Otra variedad de este sinsentido es esa según la cual estás convencida de que él ya está loquito por tus huesos, pero disimula porque tiene miedo, le asusta el compromiso, muy de macho todo. Y de estereotipos. Aquí también, a base de sacrificio, paciencia y felaciones soberbias conseguirás que se deje de hostias y se entregue al romance. 

Pues mira: NO.

Es que estás enamorada, sois perfectos el uno para el otro, es tu media naranja. Tu persona. Y, claro, media naranja hay solo una en la vida, no hay más que observar detenidamente a tu alrededor para comprobar que es un hecho empírico. Mira, eso es tan ridículo como el pensar que tú no eres una naranja entera y que por eso necesitas alguien que te complete, igualito que Amaral y su “Sin ti no soy nada”. 

Por el amor de Diosssssssssss…

Y aquí voy a lanzar una piedra contra nuestro tejado. Muchos de los que denominamos Mareadores, quizás no lo sean, quizás te hayan aclarado la situación unas cuantas veces y tú no has escuchado. Y él te sigue llamando, o no, o a veces. Y tú te vuelves loqui perdida, porque no sabes lo que quiere. Pues nada amigui, no quiere nada en particular.
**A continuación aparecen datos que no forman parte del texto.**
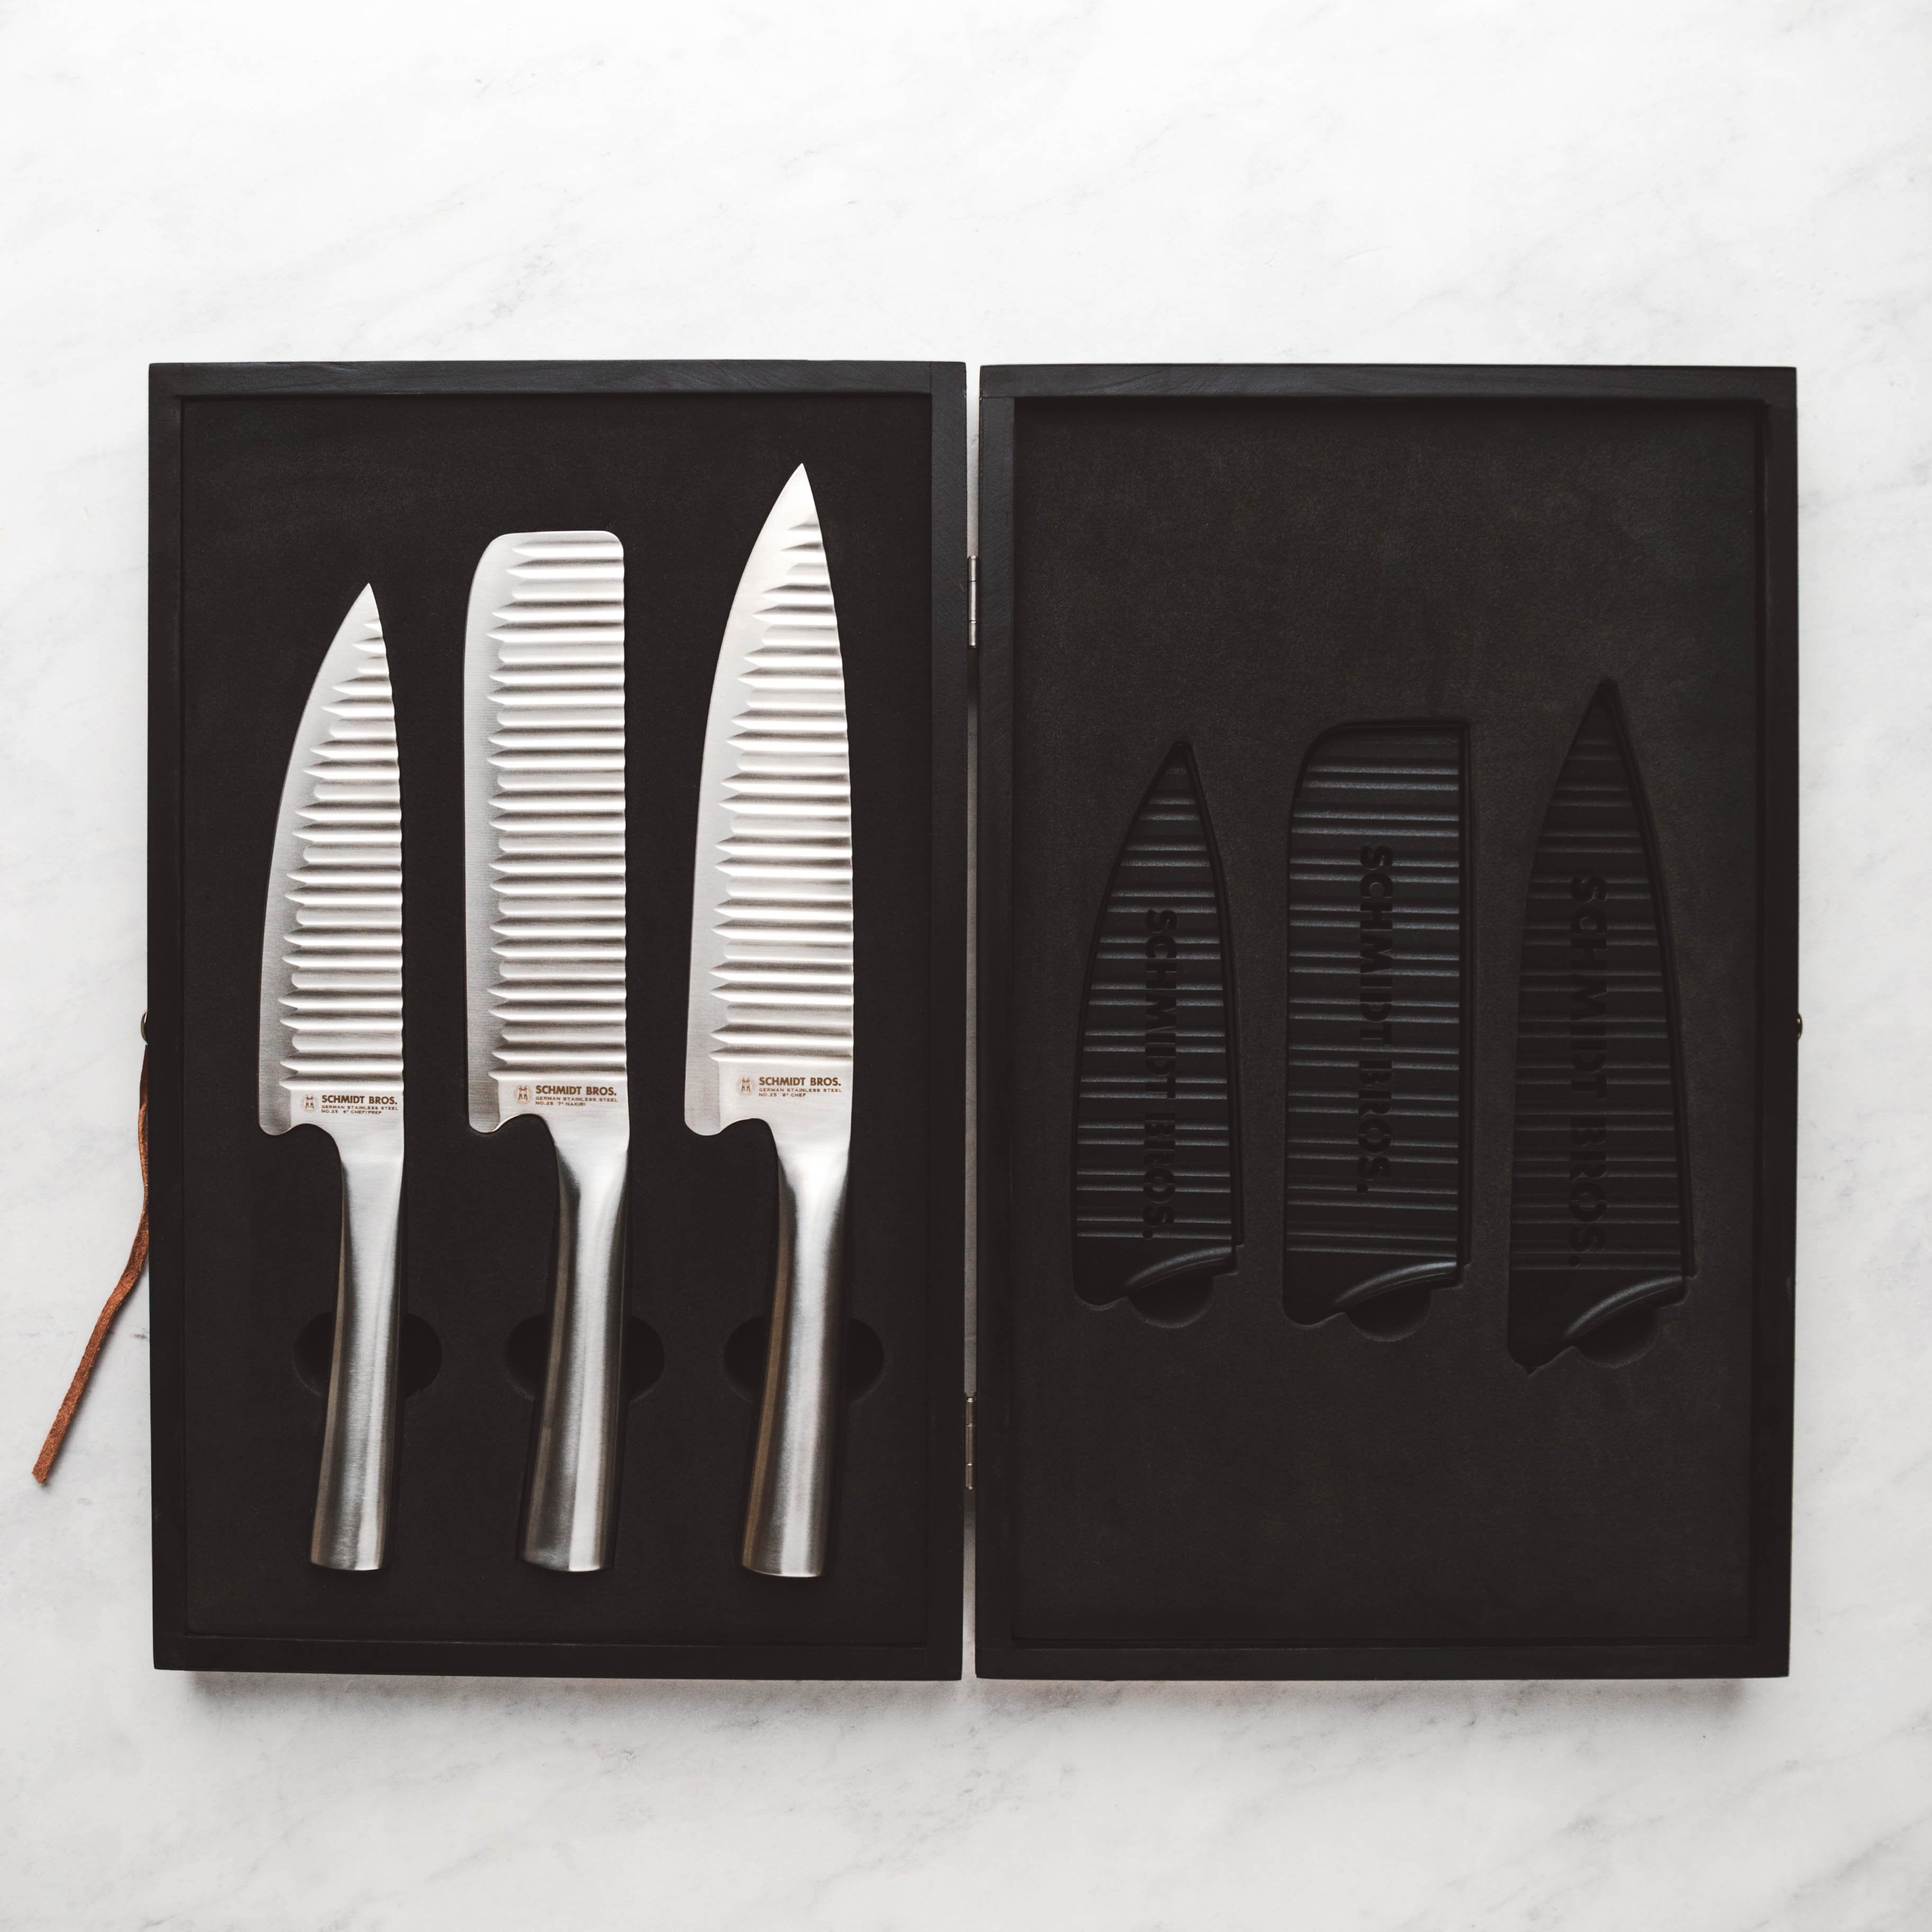 Schmidt Bros 3 Pc Forged Professional Chef Knife Set German Steel

Nos olvidamos de que el hombre, generalizando y con matices, tiene un proceso mental mucho más simple que el nuestro. Le apetece algo, lo hace. Quiere llamarte, te llama. Pero tu lavadora centrifuga que no es ni medio normal. Y venga por qués y para qués. Pues porque sí, y para nada en concreto. Energía desperdiciada, kilos de helado de chocolate y noches sin dormir es lo único que vas a conseguir si sigues así.

El fracaso, amigui, no consiste en una historia que no llegó al altar, sino en chamuscar neuronas preguntándote por qué la vida no es como tú quieres que sea. 

 

Cómo despedirse del Mareador de una vez por todas. Pero de verdad.
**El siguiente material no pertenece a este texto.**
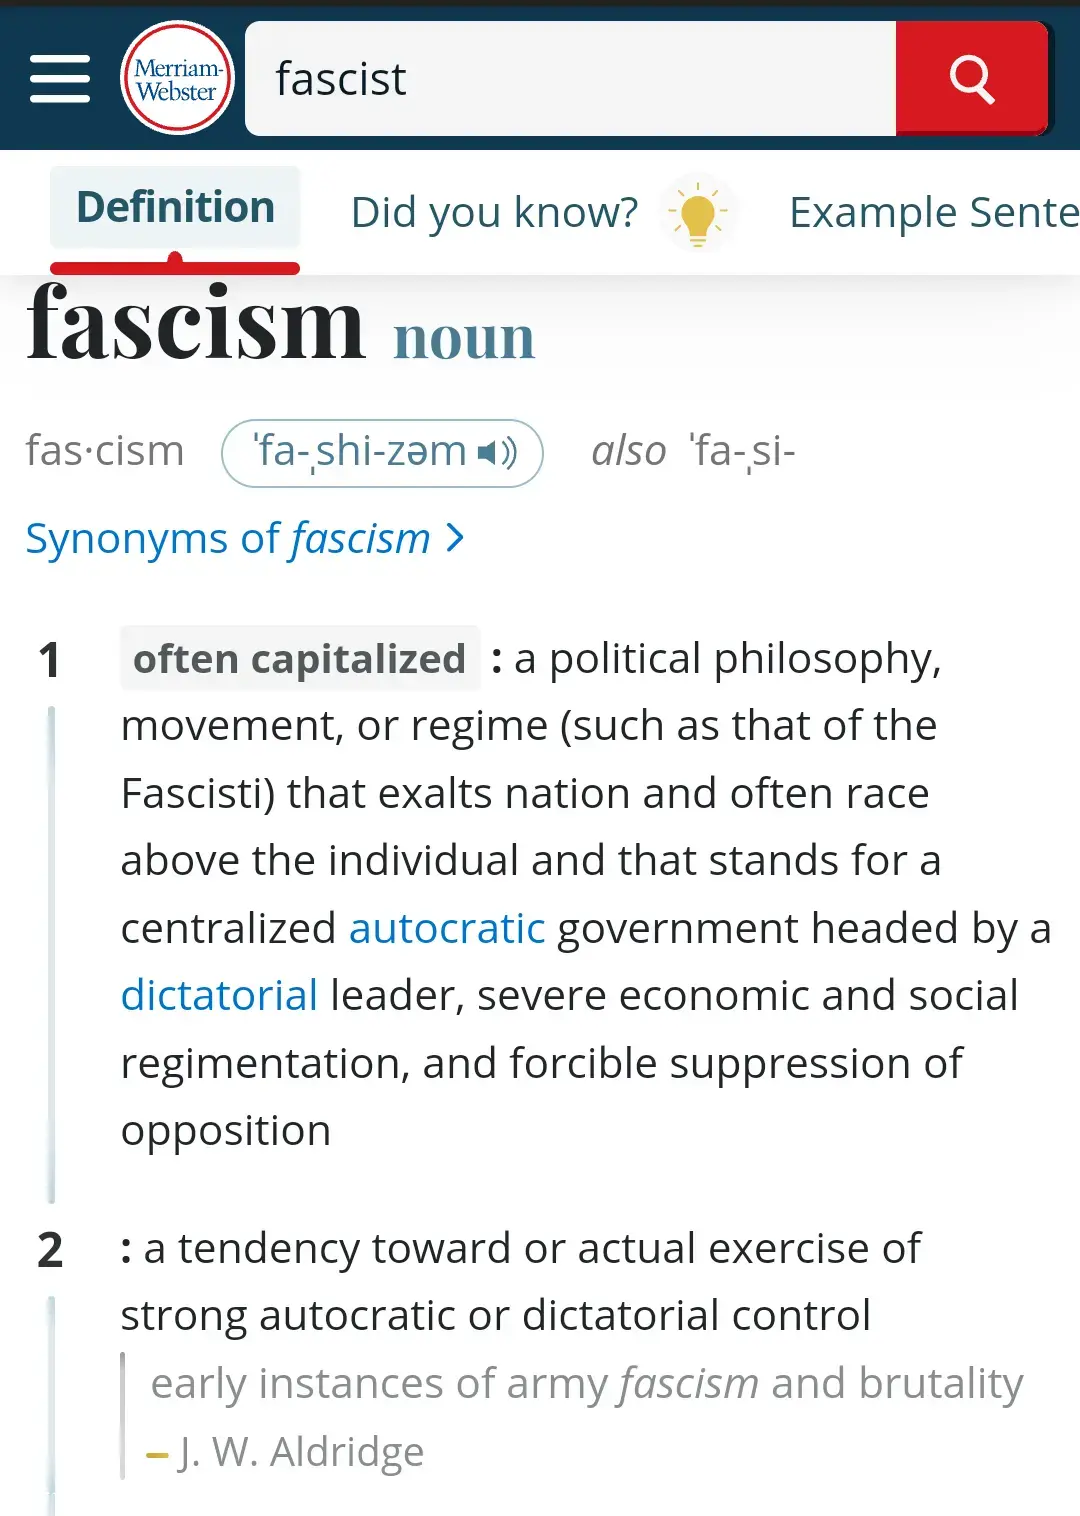 Definition of fascism

A ver, amiguis, que ya he escrito sobre el tema una y otra vez. Por aquí, por aquí y por aquí. Pero seguís enviándome mensajes de S.O.S. Él sigue que te sigue, te llama, no te llama, te mensajea, quedáis, te deja colgada, te enfadas, le ignoras, le ignoras, le ignoras, te suplica, te suplica, quedas con él, te pega un meneo, te ignora, le llamas… Y así podríamos seguir por los siglos de los siglos.

Ahora estás pensando, qué hijaputa la Aguirre que lo está contando tal cual me ha pasado. Pues claro, chata, que esto es sota, caballo y rey. El Mareador, MAREA. A todo bicho viviente. Que se deje, claro.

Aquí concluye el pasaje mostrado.